Appellants contend that the party claiming the prescriptive easement has the burden of proving all essential elements, a proposition which finds support in a series of cases, beginning with Clarke v. Clarke (1901) 133 Cal. 667 [66 P. 10], which placed the burden of proof upon the person asserting the easement to establish that his use was adverse and under claim of right. There is, however, another line of cases following Fleming v. Howard (1906) 150 Cal. 28 [87 P. 908], which holds that use of an easement over a long period of time without the landowner’s interference is presumptive evidence of existence of an easement.

*709 Appellants further assert that the claim of right must be communicated to the owner of the land or the use of the roadway must be so obvious as to constitute actual knowledge of its use. Once knowledge of use is established, the key issue becomes one of permissive use under license as against adverse use under claim of right. In MacDonald Properties, Inc. v. Bel-Air Country Club (1977) 72 Cal.App.3d 693 at pages 702-703 [140 Cal.Rptr. 367], the appellate court, following Fleming v. Howard, held “We think the better and more widely held rule is that continuous use of an easement over a long period of time without the landowner’s interference is presumptive evidence of its existence. . . . This rule, . . . was quoted as controlling in Miller v. Johnston (1969) 270 Cal.App.2d 289, 294 . . . .” (See Twin Peaks Land Co. v. Briggs (1982) 130 Cal.App.3d 587 [181 Cal.Rptr. 25].) We agree with MacDonald and its latest progeny. Although appellants contend that there were no acts by respondents inconsistent with permissive use, once a prima facie case is shown by the party asserting the easement, the burden of proof shifts to the landowner to show the use is permissive rather than hostile. (Chapman v. Sky L'Onda etc. Water Co. (1945) 69 Cal.App.2d 667 [159 P.2d 988].)

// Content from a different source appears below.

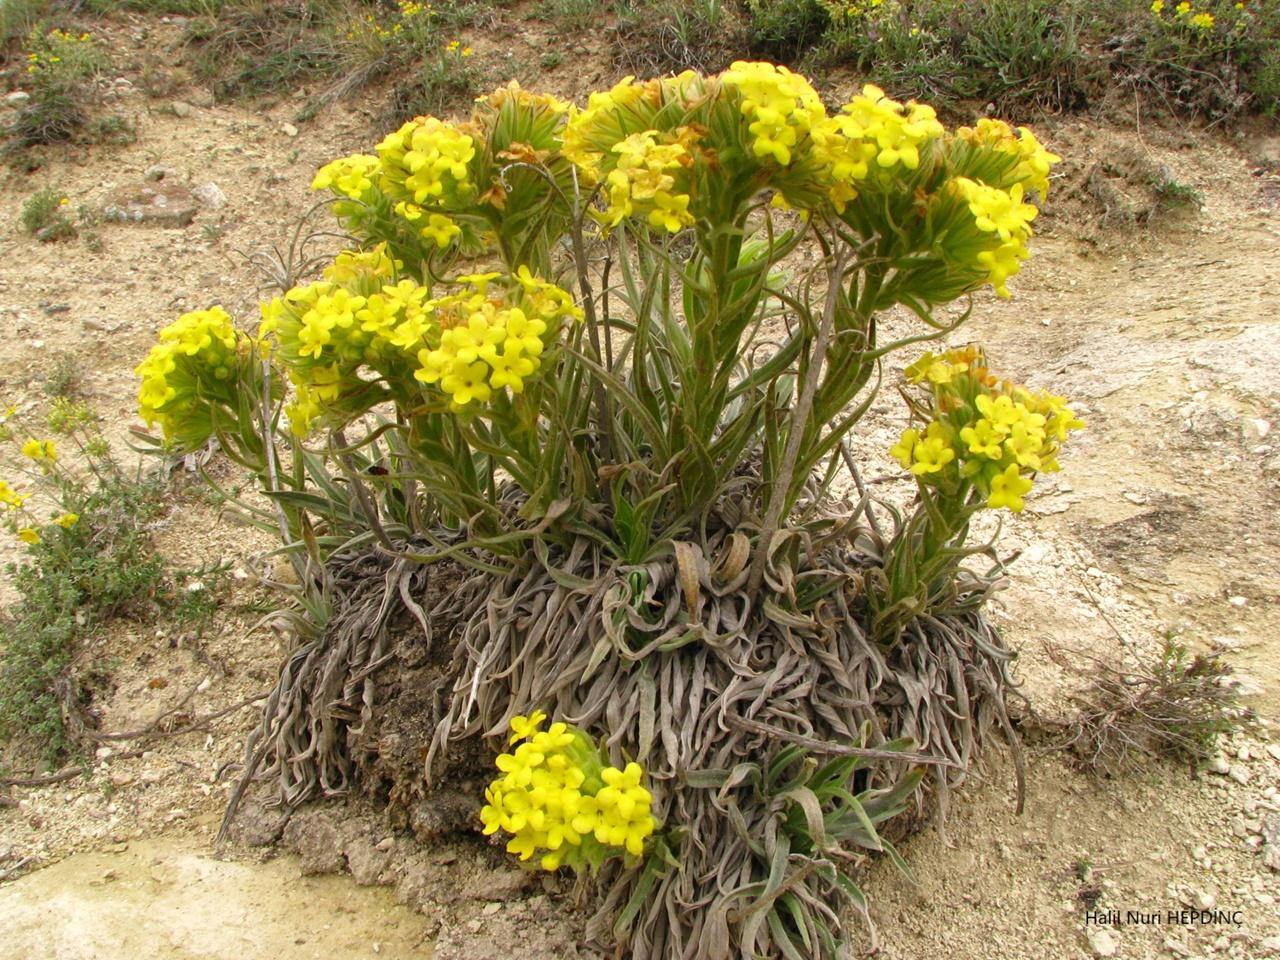 Koca eğnik(Macrotomia densiflora) (Eş Ad: Arnebia densiflora)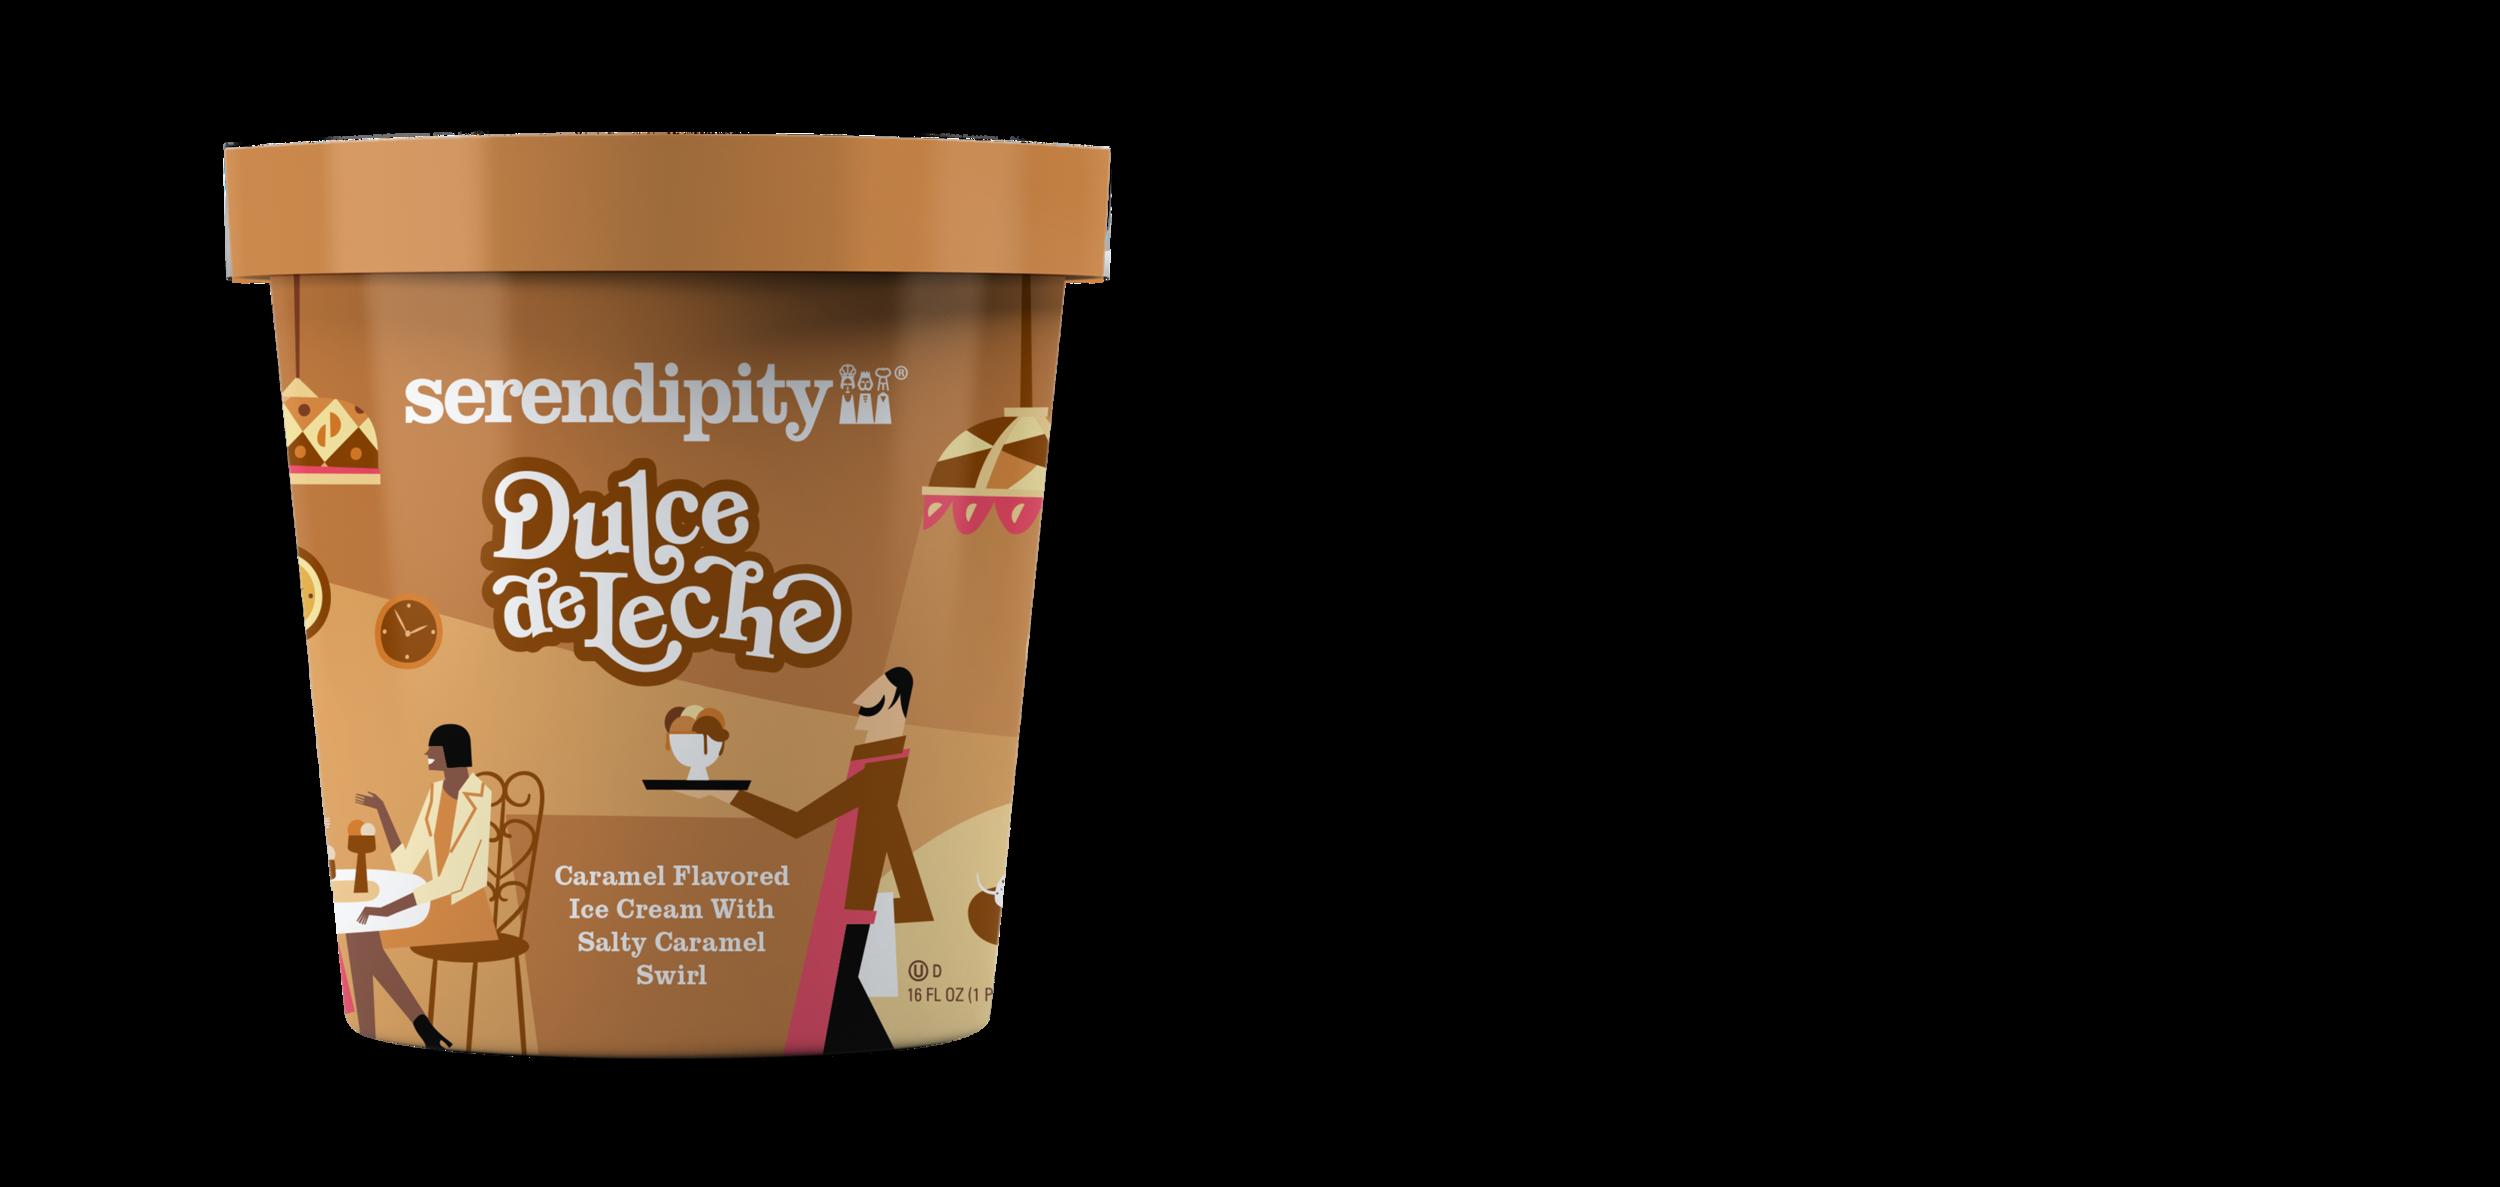 Dulce de Leche - Caramel Flavored Ice Cream with Salty Caramel Swirl

Whereas mere passage over the property has been held to be insufficient to establish a prescriptive title, whether the use of an easement allegedly acquired by prescription was under claim of right adverse to the owner is a question of fact, (Taormino v. Denny (1970) 1 Cal.3d 679 [83 Cal.Rptr. 359, 463 P.2d 711]), and when the evidence of prescriptive use of a private roadway is conflicting, it is the sole province of the jury or the trial judge to determine whether the prescriptive title thereto has been established. (Dooling v. Dabel (1947) 82 Cal.App.2d 417 [186 P.2d 183].) All conflicts must be resolved in favor of the prevailing party and the evidence viewed in the light most favorable to him. (O'Banion v. Borba (1948) 32 Cal.2d 145 [195 P.2d 10].) Respondents actually used the roadway beginning in 1972 for over six years. Their use was frequent, often several trips a day, and, in addition, numerous social guests, church and school groups invited by respondents, as well as workmen and supplies involved in the construction of respondents’ house traveled the road without interference. Respondents on two occasions moved a large mobilehome by transport onto their property and Ota complained to them on one occasion of damage done to his tomato plants by the passage of the mobilehome down the road.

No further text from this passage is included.